- _Available data_
┄┄┄┄┄┄┄┄┄┄
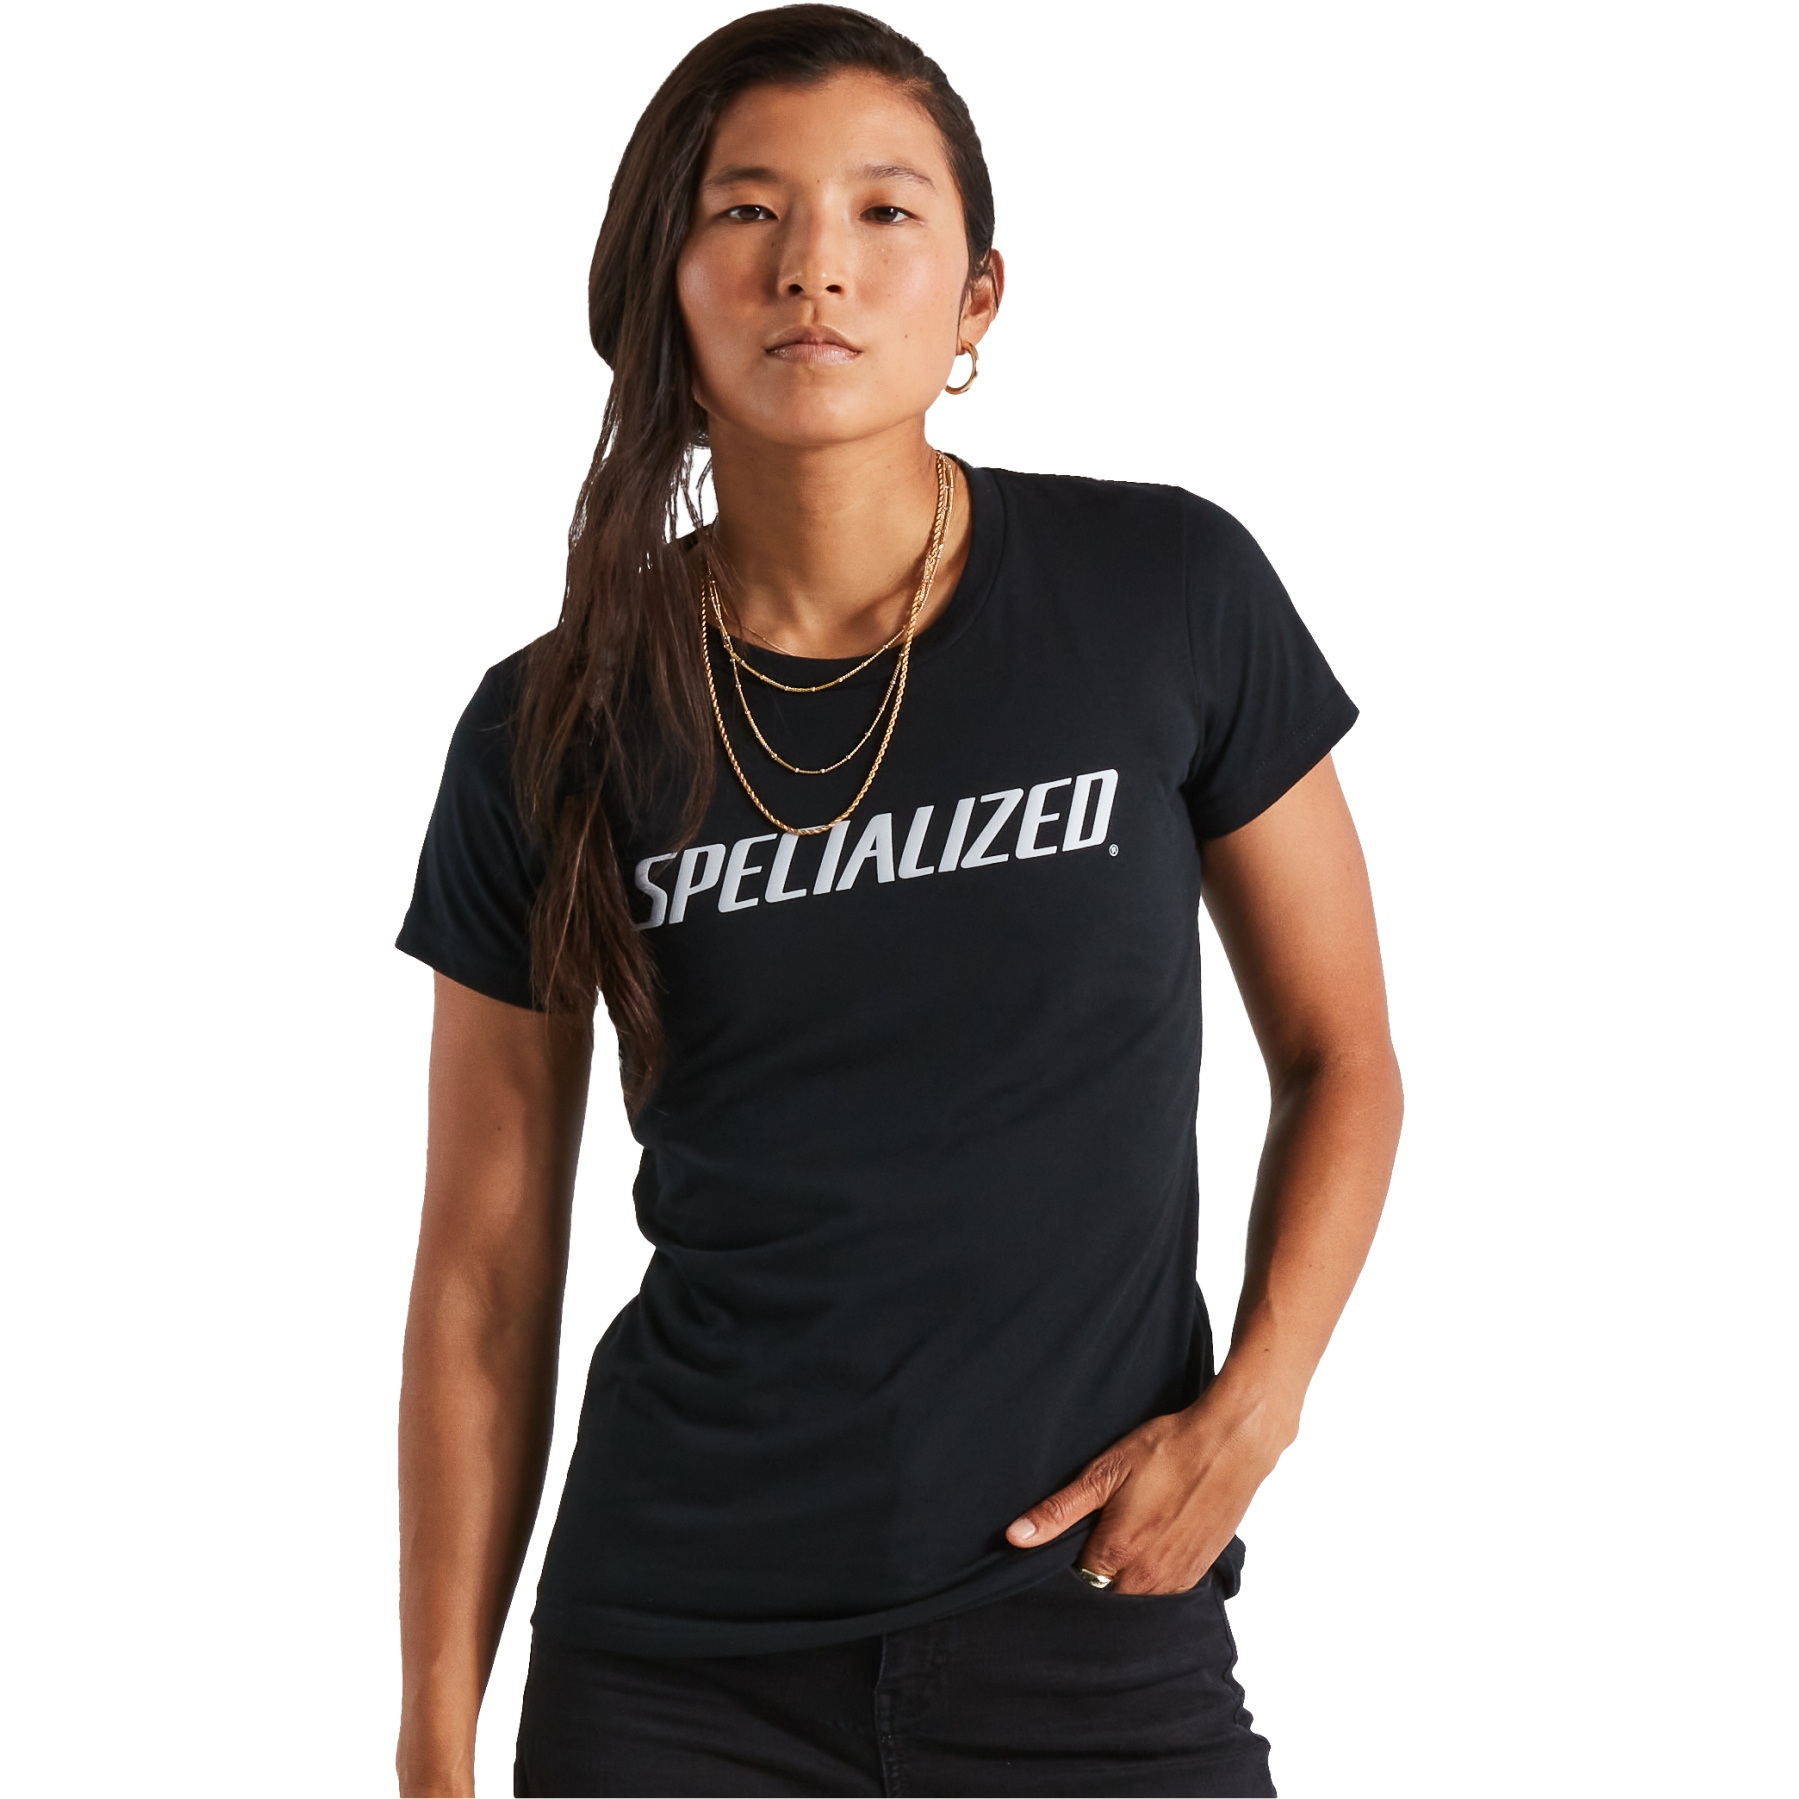 Image de Specialized T-Shirt Femme - Wordmark - noir
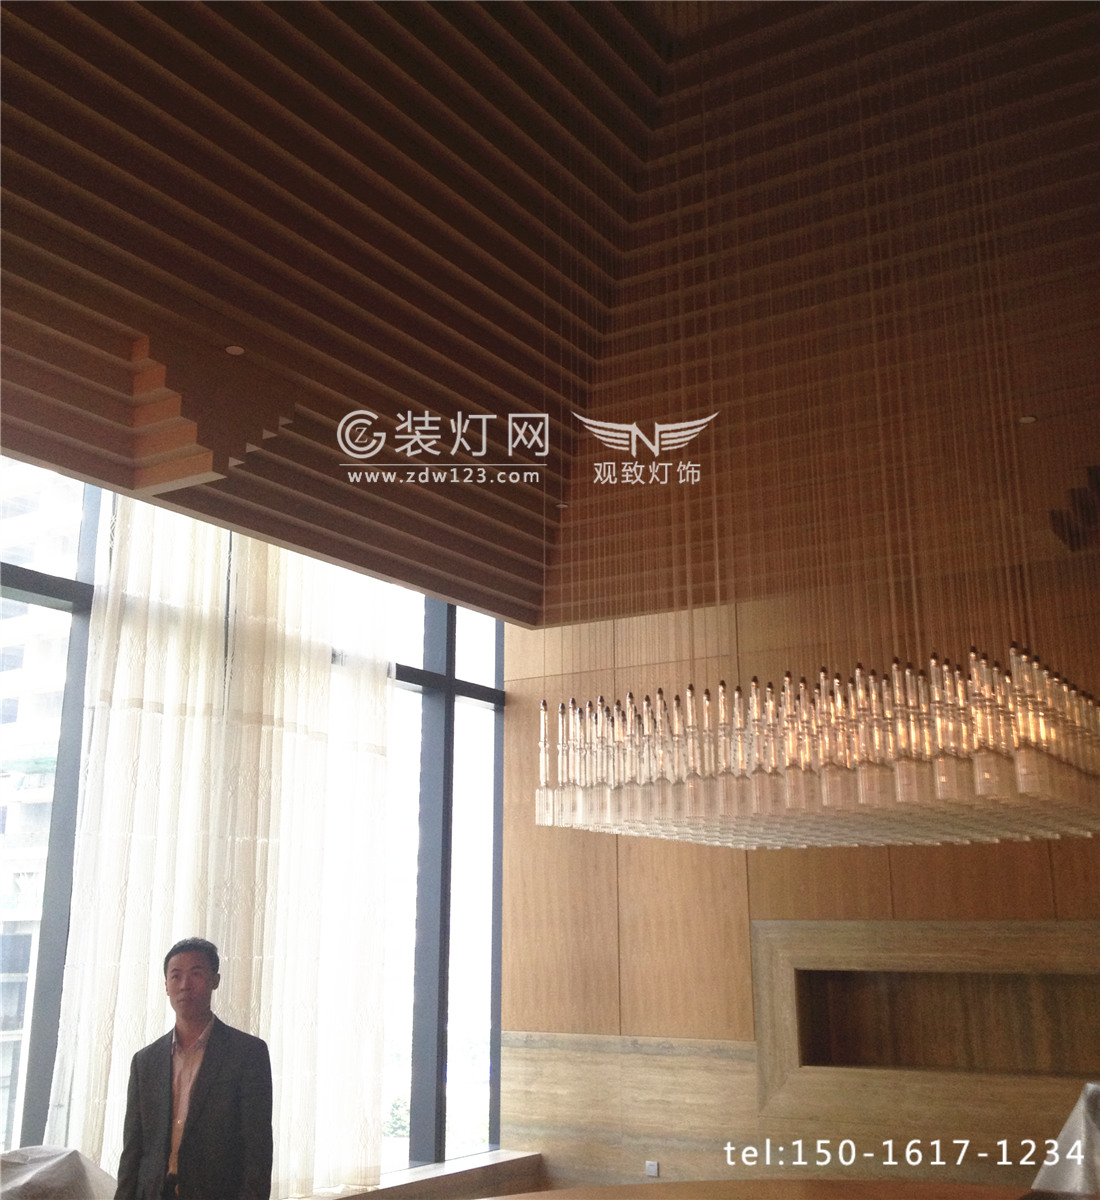 广州W酒店灯具安装现场照片
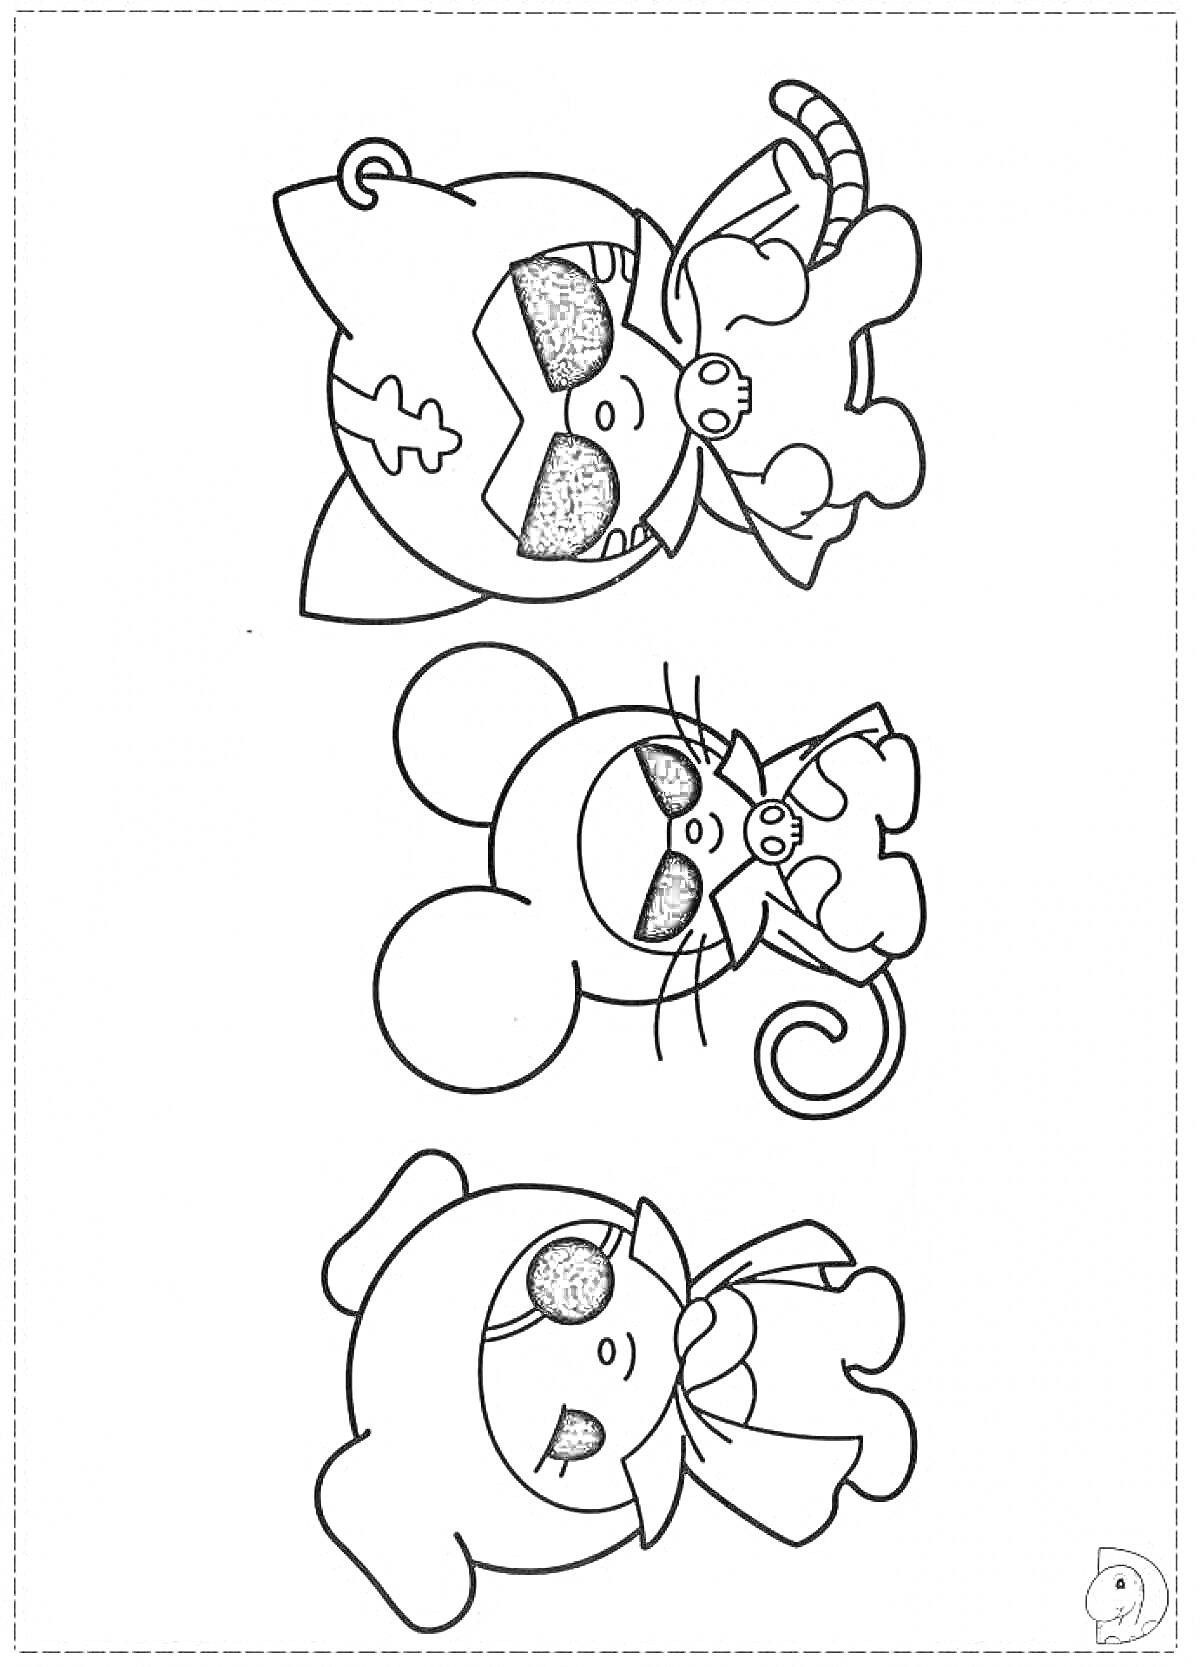 Раскраска Картинка с Курамой, Мелоди и мышонком
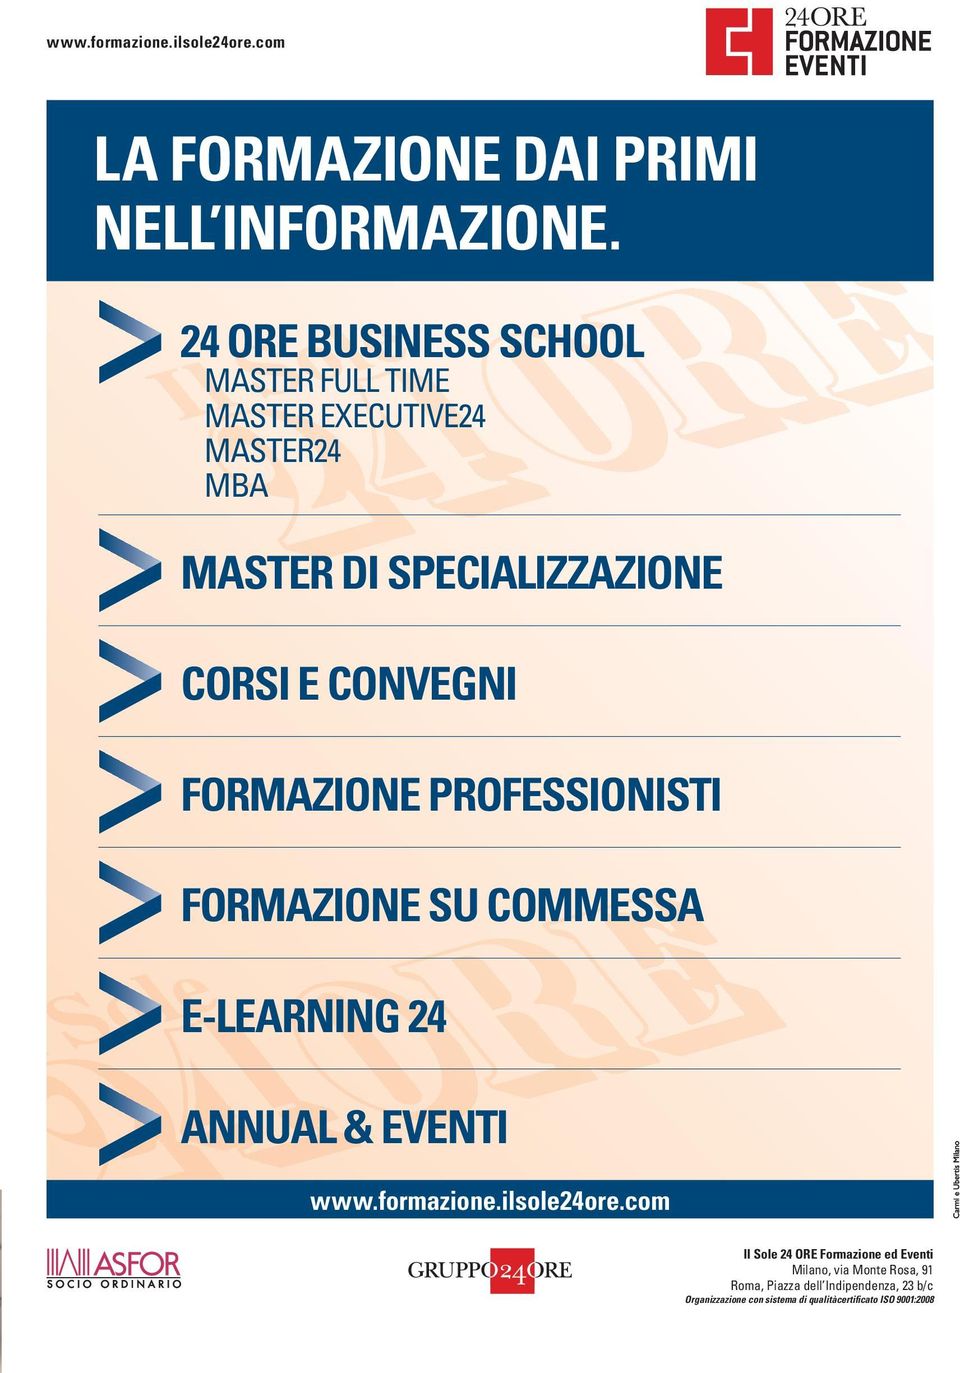 FormaZione professionisti FormaZione su commessa e-learning 24 annual & eventi www.formazione.ilsole24ore.
┄┄┄┄┄┄┄┄┄┄
Recopy the whole listing above precisely, excluding images.

- _Exercise response_
 Image de Specialized T-Shirt Femme - Wordmark - noir
 广州W酒店灯具安装现场照片
 Раскраска Картинка с Курамой, Мелоди и мышонком
 FormaZione professionisti FormaZione su commessa e-learning 24 annual & eventi www.formazione.ilsole24ore.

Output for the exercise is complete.